List of Related tickets:
- TicketID: #12345, Type of Positive: Suspicious Activity, Description: A similar alert was generated on the same day, which highlighted suspicious activity on a corporate device. In this incident, it was identified that the device was compromised through a phishing attack. Immediate remediation steps were taken by disconnecting the device from the network and conducting a thorough investigation.
- TicketID: #23456, Type of Positive: Malware, Description: Another alert generated a few days before this incident highlighted malware activity on the system. The malware was identified as a RAT and was used to gain unauthorized access to the system from a remote server. The device was immediately isolated from the network and all credentials were reset.
- TicketID: #34567, Type of Positive: Account Compromise, Description: This alert identified that an account belonging to a senior employee was compromised and used to access sensitive files. The investigation found that the attack vector was a phishing email, and the remediation steps involved resetting the compromised user account and advising all users to be vigilant against suspicious emails.
- TicketID: #45678, Type of Positive: Credential Theft, Description: This alert highlighted that a user’s credentials were stolen and used to log in to a corporate device. The investigation found that the user had fallen victim to a phishing email, and their credentials were used to gain unauthorized access to the system. The device was immediately isolated from the network, and the user was advised to change their password and enable multi-factor authentication.
- TicketID: #56789, Type of Positive: Insider Threat, Description: This alert highlighted suspicious activity on a corporate device belonging to an employee who had recently resigned. It was identified that the employee had accessed sensitive files and attempted to transfer them to an external drive. The device was immediately disconnected from the network, and the employee’s access to sensitive files was revoked.
Based on the related tickets, it is recommended that immediate remediation steps are taken, including disconnecting the device from the network and conducting a thorough investigation to identify the extent of the damage. All credentials for the affected user should be reset, and multi-factor authentication should be enabled. Additionally, all users should be advised to be vigilant against suspicious emails, and regular security awareness training should be provided. Further, it is recommended to conduct a threat hunting exercise to identify similar incidents in the environment.

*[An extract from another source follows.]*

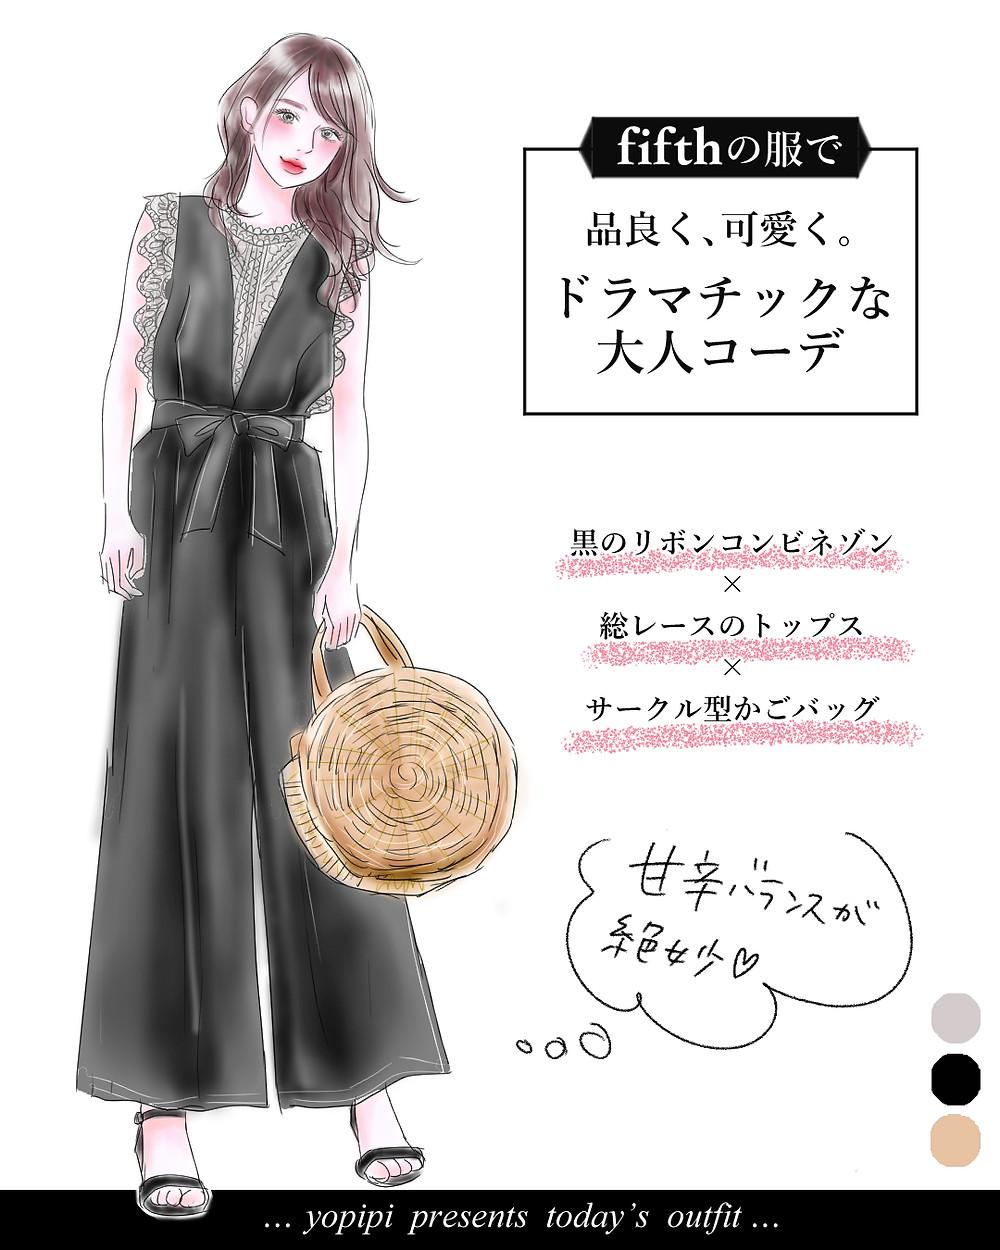 ファッションブランド「フィフス fifth 」春夏コーデイラスト

In future articles we will add embeddings and vector databases to improve the accuracy in the search for related solutions.
Conclusion
We can conclude that we are facing a new stage in the world of cybersecurity where AI will have a fundamental role not only in terms of threats (which also), but to help cybersecurity teams to be much more efficient and fast in the response. As we have seen in this use case and in those that will come in future articles, it is not something difficult, so there is no excuse not to start using these technologies that are at our disposal.